Event-CausNet: Unlocking Causal Knowledge from Text with Large Language Models for Reliable Spatio-Temporal Forecasting
- URL: http://arxiv.org/abs/2511.12769v1
- Date: Sun, 16 Nov 2025 20:45:23 GMT
- Title: Event-CausNet: Unlocking Causal Knowledge from Text with Large Language Models for Reliable Spatio-Temporal Forecasting
- Authors: Luyao Niu, Zepu Wang, Shuyi Guan, Yang Liu, Peng Sun,
- Abstract summary: We propose Event-CausNet, a framework that uses a Large Language Model to quantify unstructured event reports.<n>Experiments on a real-world dataset demonstrate that Event-CausNet achieves robust performance, reducing prediction error (MAE) by up to 35.87%.
- Score: 14.895432181247044
- License: http://creativecommons.org/licenses/by-nc-sa/4.0/
- Abstract: While spatio-temporal Graph Neural Networks (GNNs) excel at modeling recurring traffic patterns, their reliability plummets during non-recurring events like accidents. This failure occurs because GNNs are fundamentally correlational models, learning historical patterns that are invalidated by the new causal factors introduced during disruptions.

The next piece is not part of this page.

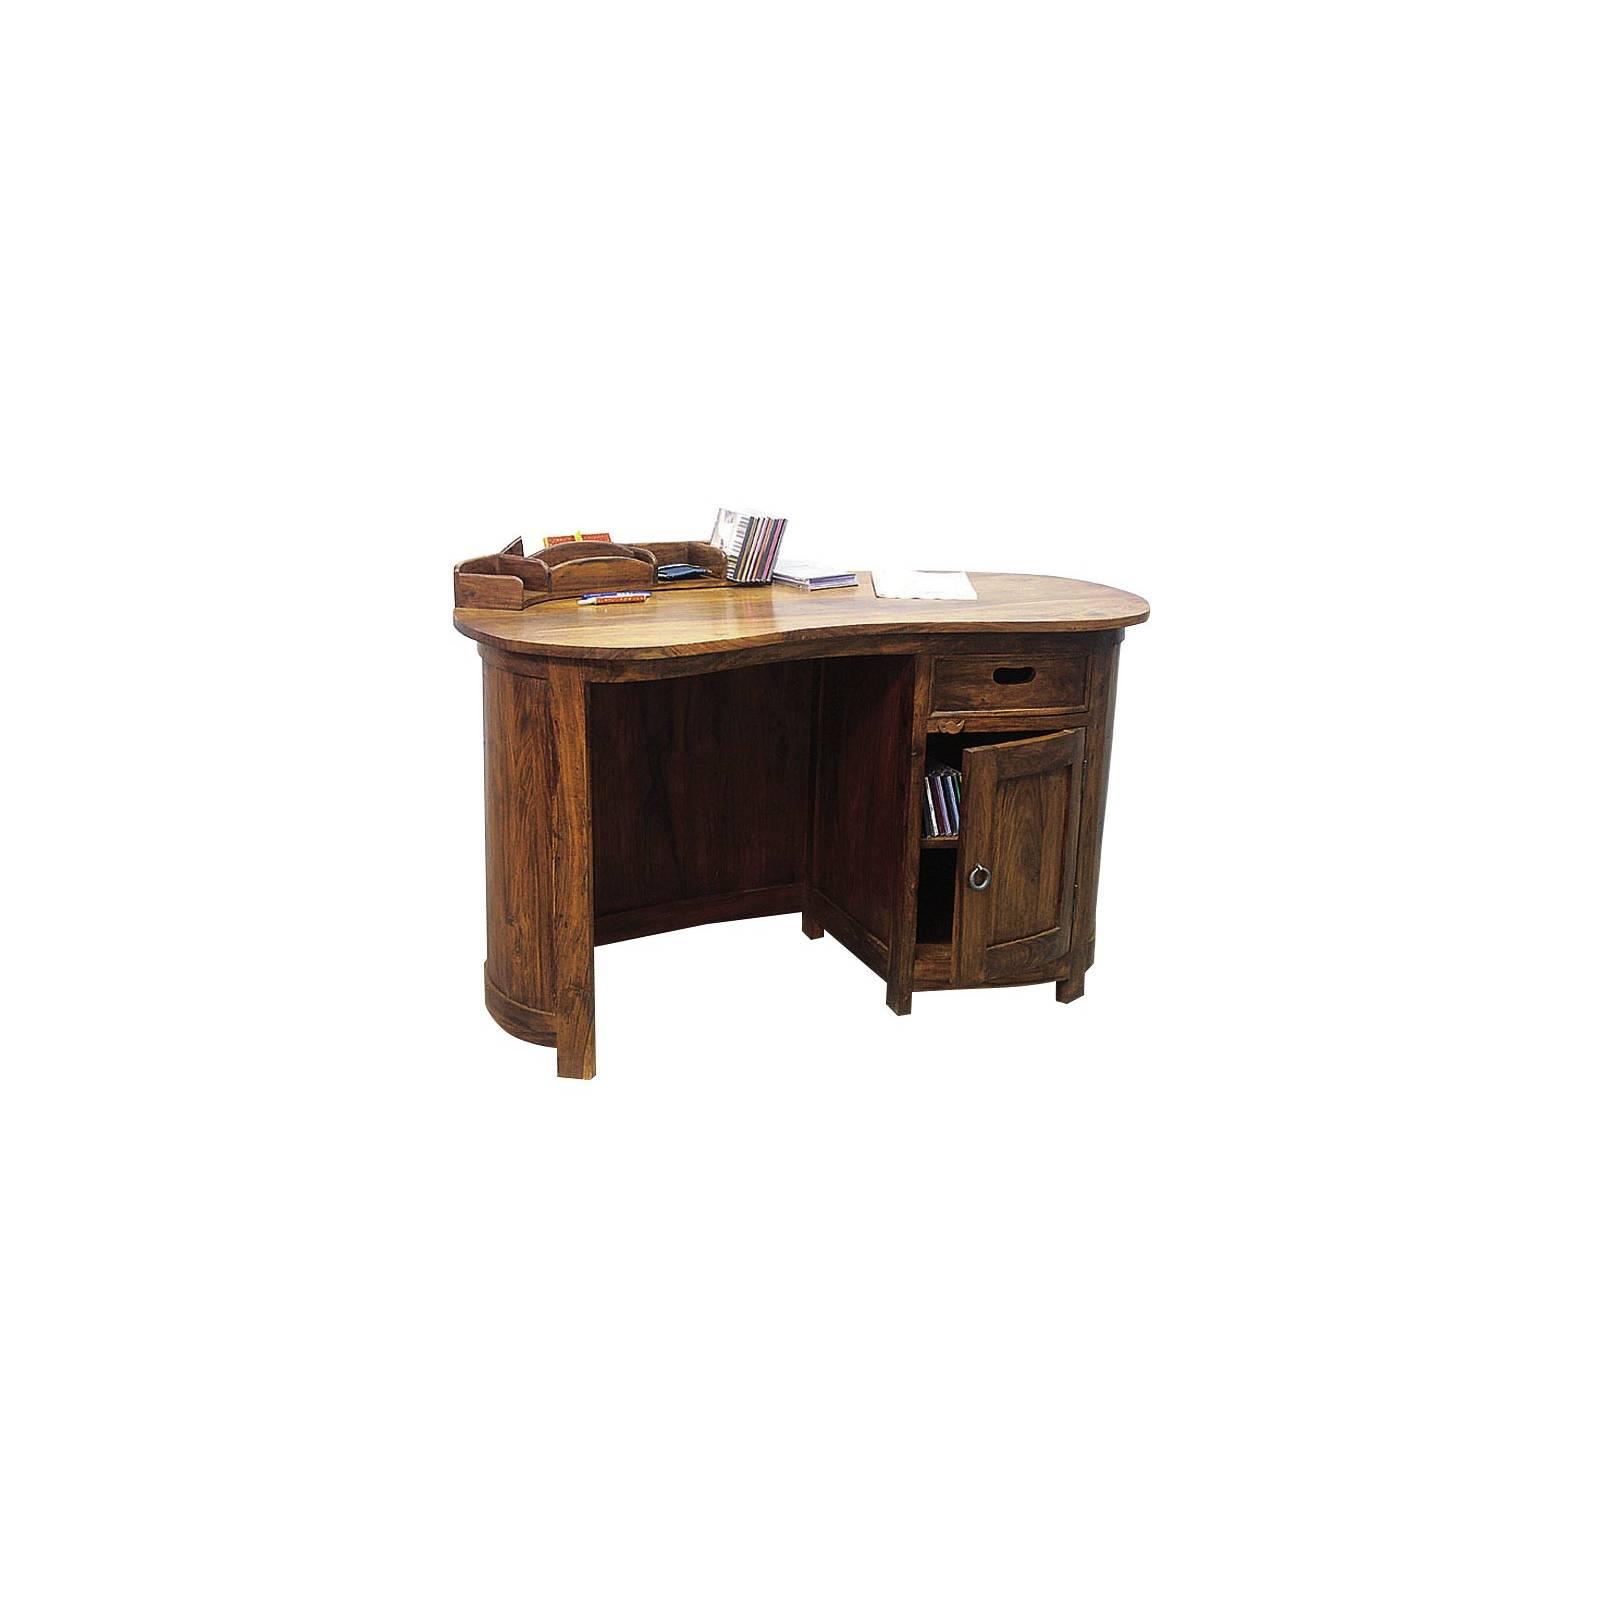 Bureau Palissandre Tradition - achat meubles palissandre

To address this, we propose Event-CausNet, a framework that uses a Large Language Model to quantify unstructured event reports, builds a causal knowledge base by estimating average treatment effects, and injects this knowledge into a dual-stream GNN-LSTM network using a novel causal attention mechanism to adjust and enhance the forecast. Experiments on a real-world dataset demonstrate that Event-CausNet achieves robust performance, reducing prediction error (MAE) by up to 35.87%, significantly outperforming state-of-the-art baselines. Our framework bridges the gap between correlational models and causal reasoning, providing a solution that is more accurate and transferable, while also offering crucial interpretability, providing a more reliable foundation for real-world traffic management during critical disruptions.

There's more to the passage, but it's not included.